The transfer of data over a point-to-point or point-to-multi point communication channel. Examples of such channels are copper wires, optical fibers, wireless communication channels, storage media and computer buses. Earlier days to achieve the high speed we were using parallel/serial transmission. In parallel transmission, Binary data consisting of 1s and 0s which are transmitted in framing/streaming. By grouping, we can send data n bits at a time instead of one. We use n wires to send n bits at one time. That way each bit has its own wire, and all n bits of one group can be transmitted with each clock pulse from one device to

another. Form = 8. Typically, the n number of bits are bundled in a frame with a connector at each end that may be 2:4:8:16:32. The advantage of parallel transmission is speed. All else being equal, parallel transmission can increase the transfer speed by a factor of n over serial transmission. Insignificant disadvantage of parallel transmission is cost. In serial transmission one bit follows another, so we need only one communication channel rather than n to transmit data between two communicating devices. The advantage of serial over parallel transmission is that with only one communication channel, serial transmission reduces the cost of transmission

over parallel by roughly a factor of  $n$ . Since communication within devices is parallel, conversion devices are required at the interface between the sender and the line (parallel-to-serial) and between the line and the receiver (serial-to parallel). Serial transmission occurs in one of two ways; asynchronous or synchronous. With the rapid development of FPGA technology, FPGA is widely used in the field of communication, medical instrument, consumer electronics, display, portable terminal, and so on. Among various levels of FPGA, the low-and middle-end FPGA has won a wide market due to its low cost, high performance, technical maturity and short design cycle. As a fundamental storage structure in the design of system based on FPGA, FIFO is usually used as data buffer of digital signal processing system, Communication Bridge between network of different data rates and communication interface between modules in different clock domain.
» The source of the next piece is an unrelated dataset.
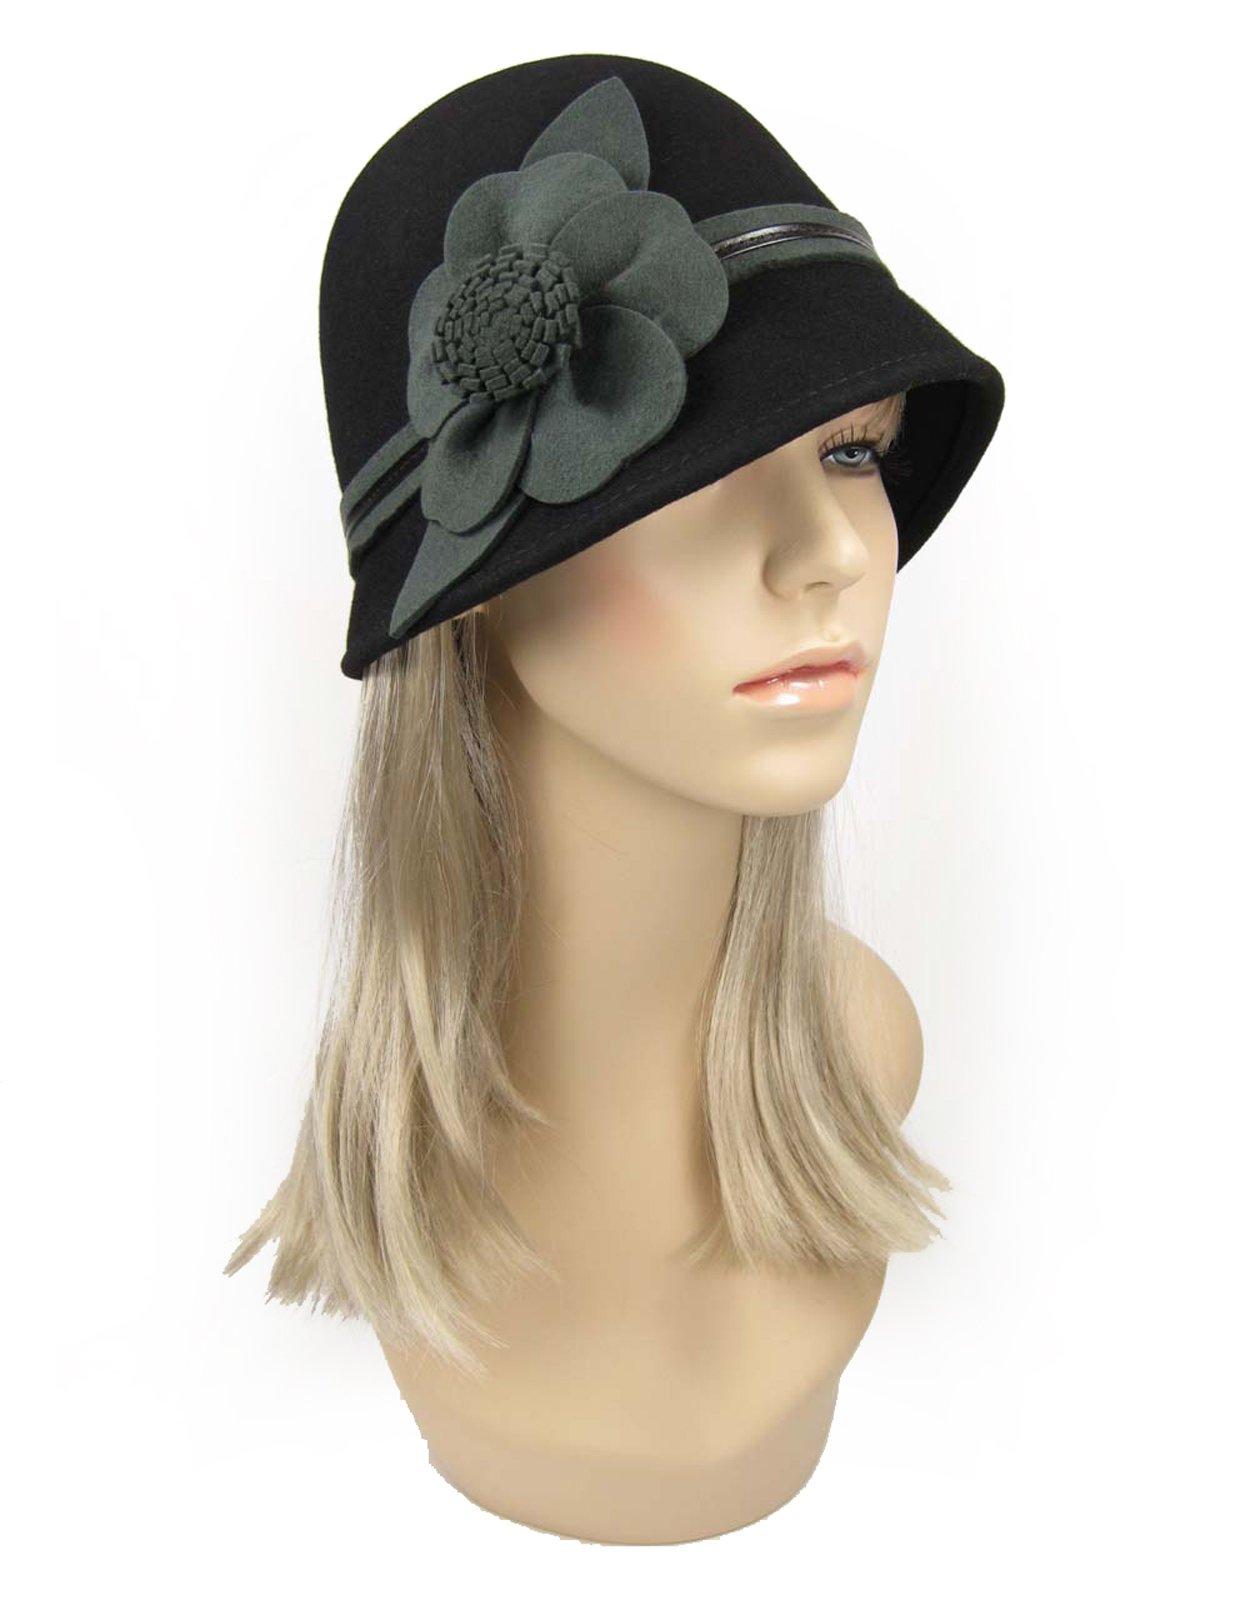 623de02e Galleon - 1920's Style Wool Cloche Bucket Hat With Flower Black ((One Size  (56 Cm - 60 Cm))

Sometimes, in practice, it is needed to combine more than one FIFO into a new structure as multi-channel FIFO, according to rule of access to it, multi-channel FIFO generally can be classified into four categories as follows: 1) Serial Input and Serial Output FIFO (SISOFIFO), each channel of SISOFIFO is independent, no parallel operation at read port or write port is permitted, i.e., the data of the SISOFIFO is written in channel by channel and read out channel by channel. there is no constraint for access among channels; 2) Serial Input and Parallel Output FIFO (SIPOFIFO), just as its name implies, data of the SIPOFIFO is written in channel by channel but read out at the same time; 3) Parallel Input and Serial Output FIFO (PISOFIFO), the data of the PISOFIFO is written in at the same time but

read out channel by channel, namely, the write port should be able to be accessed in parallel; 4) Parallel Input and Parallel Output FIFO (PIPOFIFO), the data of the PIPOFIFO is written in simultaneously and read out simultaneously, in other words, both ports of PIPOFIFO should be able to be accessed in parallel.

## 2. LITERATURE SURVEY

In the previous section we mentioned that NoC is composed of elements like FIFO's (Virtual channels), Interconnects, Arbitration logic etc. The access mechanism in buffer structure plays an important role in the design of NoC applications. In turn, the mechanism influences how efficiently packets share link bandwidth. Buffers are used to store packets or flits when they cannot be forwarded right away onto the output port. Queuing buffers consume the most area and power among building blocks in the NoC [1, 2, 27]. We have investigated related work as follows:

**SHORT FIXED LENGTH QUEUE:** In short fixed length queue, each physical channel of router has single queue. The arriving flit is stored at the tail of the queue. The flit present at head is read and forwarded to output channel through crossbar. The single queue buffer has fixed and short length, therefore, upstream router keep strack of free buffers. The flit is forwarded to downstream router only when a free buffer is available. The single queue buffer may lead to the problem of HoL blocking.

**MULTIPLE FIXED LENGTH QUEUE:** In multiple fixed length queues, each input physical channel has multiple queues of fixed length that helps in removing the HoL problem to certain extent. The collective representation of queue is called a Virtual Channel. The virtual channel provides multiplexing of

incoming flits at different queues. Thus, physical channel bandwidth sharing becomes efficient in VC based NoC.

**MULTIPLE VARIABLE LENGTH QUEUES:** The above discussed buffers are fixed in length. This may lead congestion in the network when there is abnormal traffic pattern. There may be many empty virtual channels that could not be utilized. This situation leads to poor buffer utilization and low throughput. To overcome this problem, a variable length multiple queues have been proposed. This mechanism provides better buffer utilization but at the cost of complex circuitry. The design needs a complex data structure to keep track of head and tail of queue.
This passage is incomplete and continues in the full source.